Auto po 37. tys jest w idealnym stanie. Nie zepsuło się ani razu. Korozji nie ma (stoi na dworze). Ścigać się nie można - ale po co zniżac sie do poziomu dresiarzy. Jest w nim znacznie więcej miejsca niż w seicento, tico czy pandzie. Można by się zastanawiać, czy nie lepiej kupić egzemplarz bardziej renomowanej firmy strszy o kilka lat. Ale mi zależało na bezawaryjności w codziennym uzytkowaniu - i nie zawiodłem się.
Wrażenia
4,0
Silnik
Na trasie trochę brakuje mocy. Jest bardzo elastyczny. Przy 20 km/h radzi sobie na trójce.
5,0
Skrzynia biegów
W odróżnieniu od innych użytkowników w ogóle nie narzekam. Jakby to nie był Fiat... Wszystko wchodzi i nic nie zgrzyta.
4,0
Układ jezdny
Stosunkowo twarde zawieszenie. Do tej pory (37 tys.) nic nie cieknie.
Komfort
4,0
Widoczność
Z parkowaniem "na centymetry nie ma problemu.
4,0
Ergonomia
Całkiem przyzwoita jak na takie tanie auto. Plastiki dość delikatne. Deska łatwo się rysuje.
3,0
Wentylacja i ogrzewanie
No w zimie to spory kłopot. Trzeba zamknąć przednie nawiewy, by powietrze ciepłe powietrze dmuchało na nogi i szybę. Kto na to nie wpadł ten marznie. Ten bezsensowny efekt jest chyba niezamierzony.
4,0
Przestrzeń dla kierowcy i pasażerów
Nie ma co narzekać. Za porównywalną cenę mogłem nabyc seicento i tiko. Tylko jak ja bym sie tam zmieścił. (Mam 1, 86. To chyba nie dużo). Po roku od zakupu zacząłem żałować, że nie poczekałem by kupić pandę. Żal ściskał serce póki w niej nie siadłem. Co za idiota zaprojektował obudowę skrzyni biegów, która wrzyna się w prawą nogę? W uno jest o niebo lepiej.
4,0
Wyciszenie
Najbardziej się dziwię, że jest znacznie ciszej niż w punto, którym takze jeżdżę.
Ekonomiczność
5,0
Łatwość utrzymania (pod względem kosztów)
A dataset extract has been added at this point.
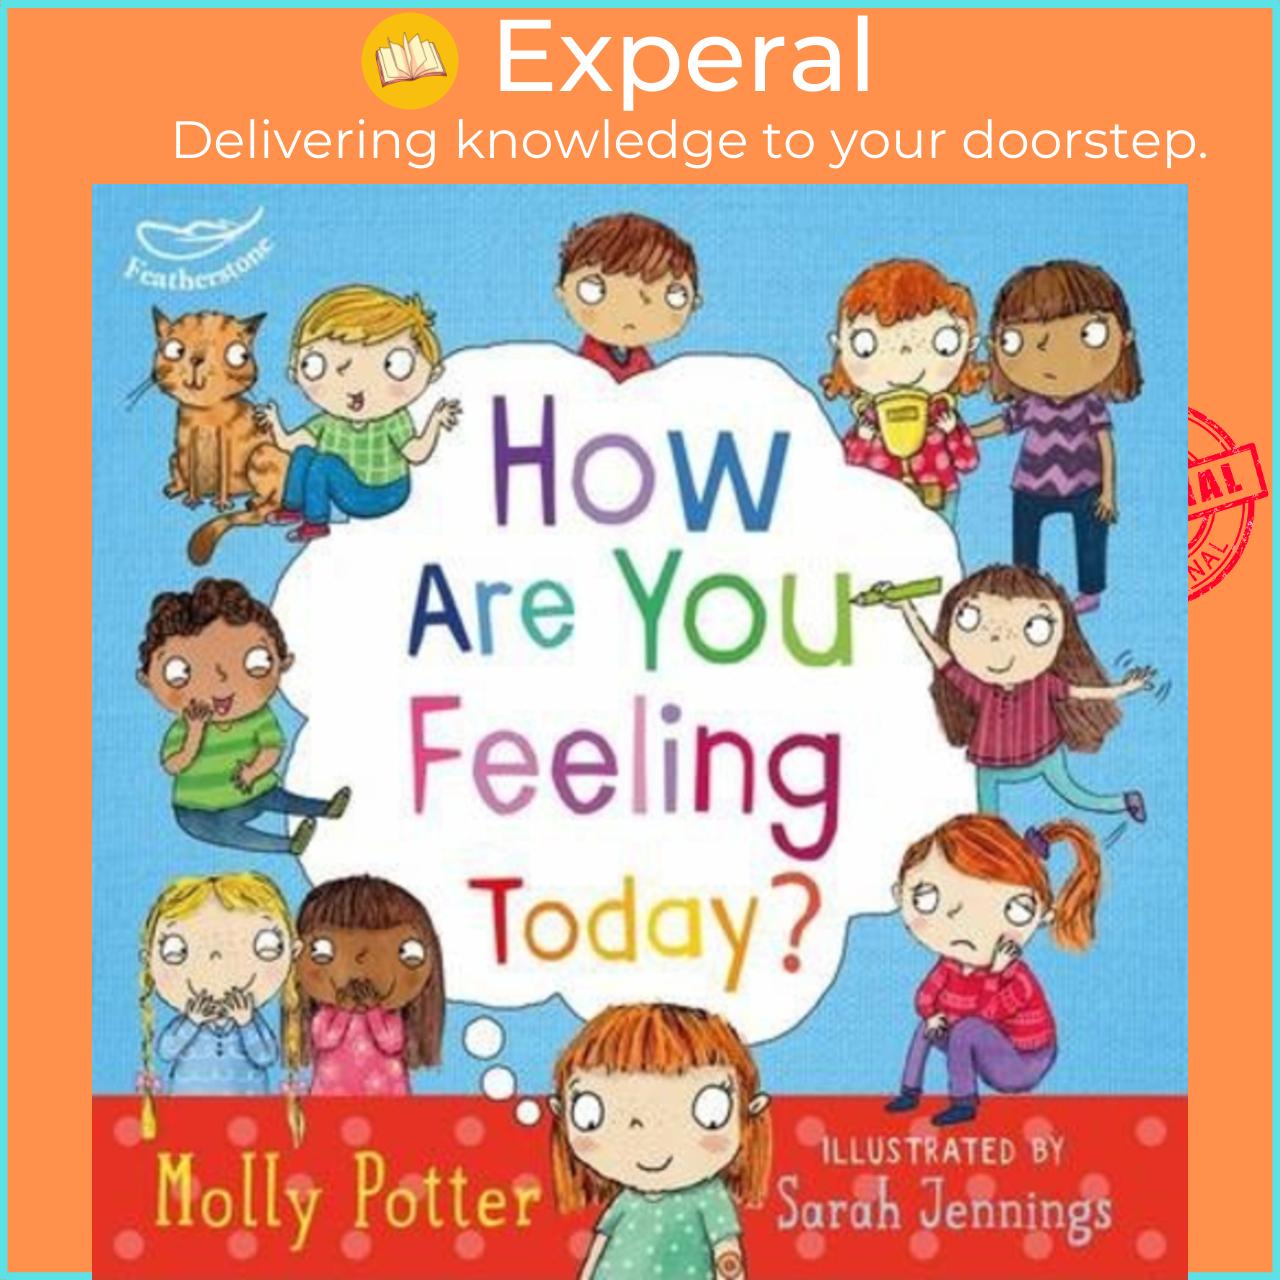 Sách - How are you feeling today? by Molly Potter (UK edition, hardcover)

W lecie średnio 5,5 - 5,8. W zimie średnio 6,2. Napraw nie było. Żadnych.
3,0
Stosunek jakość/cena
Niezawodność
4,0
Bezawaryjność (drobiazgi)
Ułamał sie zawias przy półce na desce.
3,0
Bezawaryjność (poważne usterki)
Brak !!!
Pb
- zużycie paliwa dla silnika 1.0 i.e 45KM 33kW
[l/100km]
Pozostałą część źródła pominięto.